Stonewall 50: Days of Future Past | Film Screenings

11/07/2019

Accompanying the ”Stonewall 50: Days of future past” exhibition is this special evening of queer film screenings.

Lucid noon, sunset blush, 2015, 32 min.

17-year-old bb gay Micha has just moved into The Palace – a basement full of queer femme Dominatrix, lovers and misfits. They are beautiful, carefree and as young as the night.

Alli Logout is a video, sound, and performance artist from the middle of nowhere, Texas. Currently based in New Orleans, Logout’s drive to create is fuelled by the construction, and destruction of identity: What does it mean to be a black queer person from the South?
Looking specifically at trauma as the shape that black and queer reality has been molded to, Logout strives to bridge the gap between the media’s perceptions of these identities, and who these individuals (such as themself) truly are. Making work that is both alienating and comforting, they have shown numerous video sculptures in galleries such as Cooper Union and SOMarts. Their film “Lucid Noon, Sunset Blush” (2015) has screened internationally, and won the award of ‘Best Feminist Short’ at the Scottish Queer International Film Fest.

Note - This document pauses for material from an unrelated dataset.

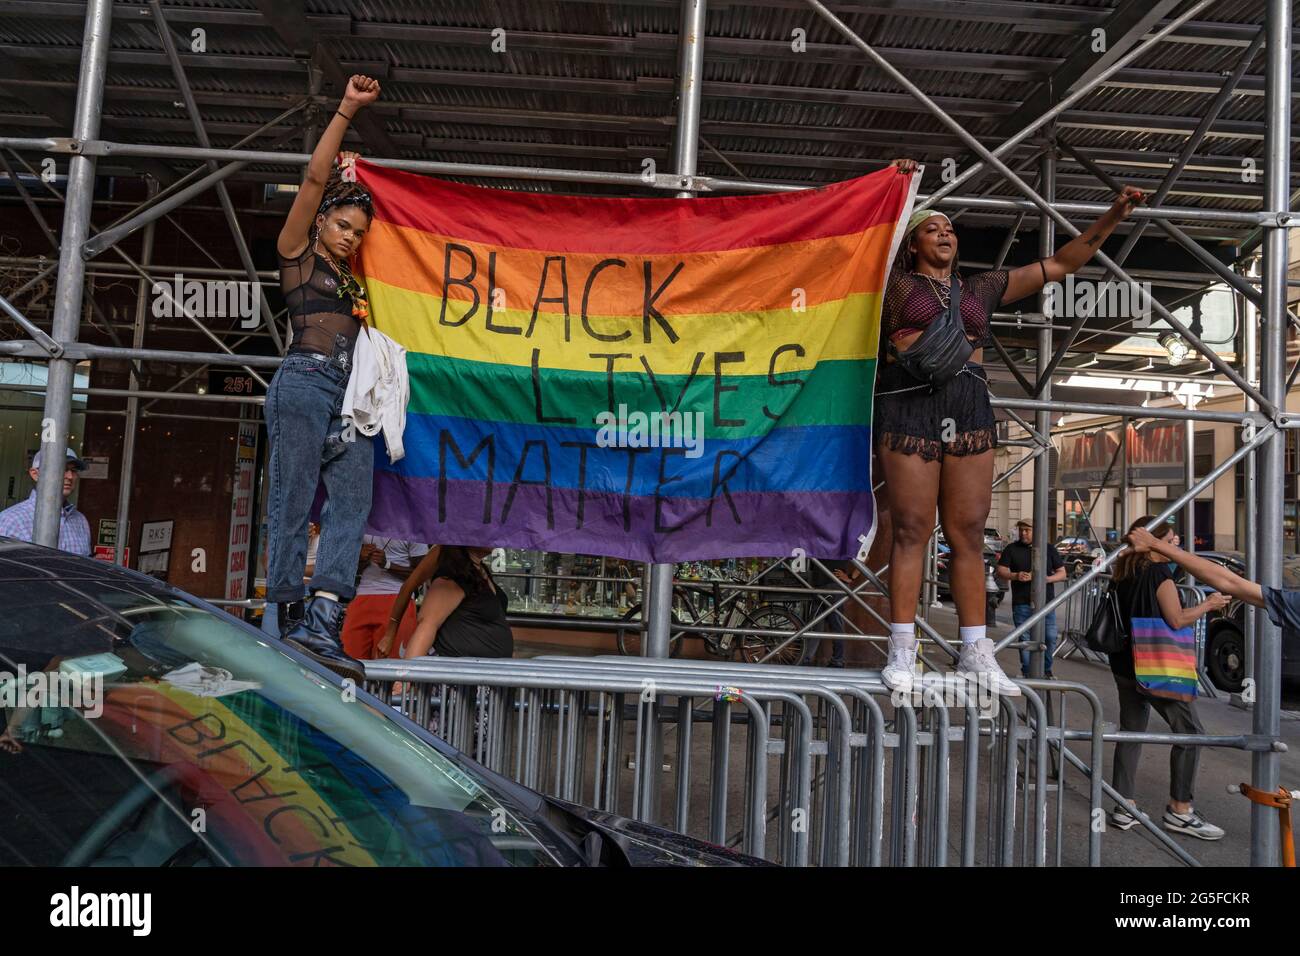 Während des marsches in New York City halten Frauen eine Pride-Flagge auf schwarzer Live-Angelegenheit.Tausende von Menschen marschieren während des 29. Jährlichen New York City Dyke March. Der Dike-Marsch, der sich selbst eher als Marschprotest bezeichnet als als eine Parade, ist laut ihrer Website eine "Demonstration unseres Protestrechts des Ersten Zusatzartikels". Aufgrund der Coronavirus-Pandemie fand der marsch praktisch im Jahr 2020 statt. Der diesjährige märz begann im Bryant Park und endete im Washington Square Park. Stockfoto

Driven by filth, the abject, and other forms of deviance, their work lingers and manifests like a virus.

Sisterhood, 2011, 47 min.

A documentary from 2011 about making porn.
Director Marit Östberg talks with her performers and camera women about their motivations for and experiences of making queer feminist porn. Is porn political and how does it reflect our lives?

Marit Östberg is a film maker and visual artist. She’s been making porn for the last decade and her films has been awarded and shown at festivals and galleries all over the world. She sees porn as a creative way of working with sexual politics, wanting to expand the possibilities of being in the world. Through porn she examines the relation between bodies when a film is produced, both in front of and behind the camera.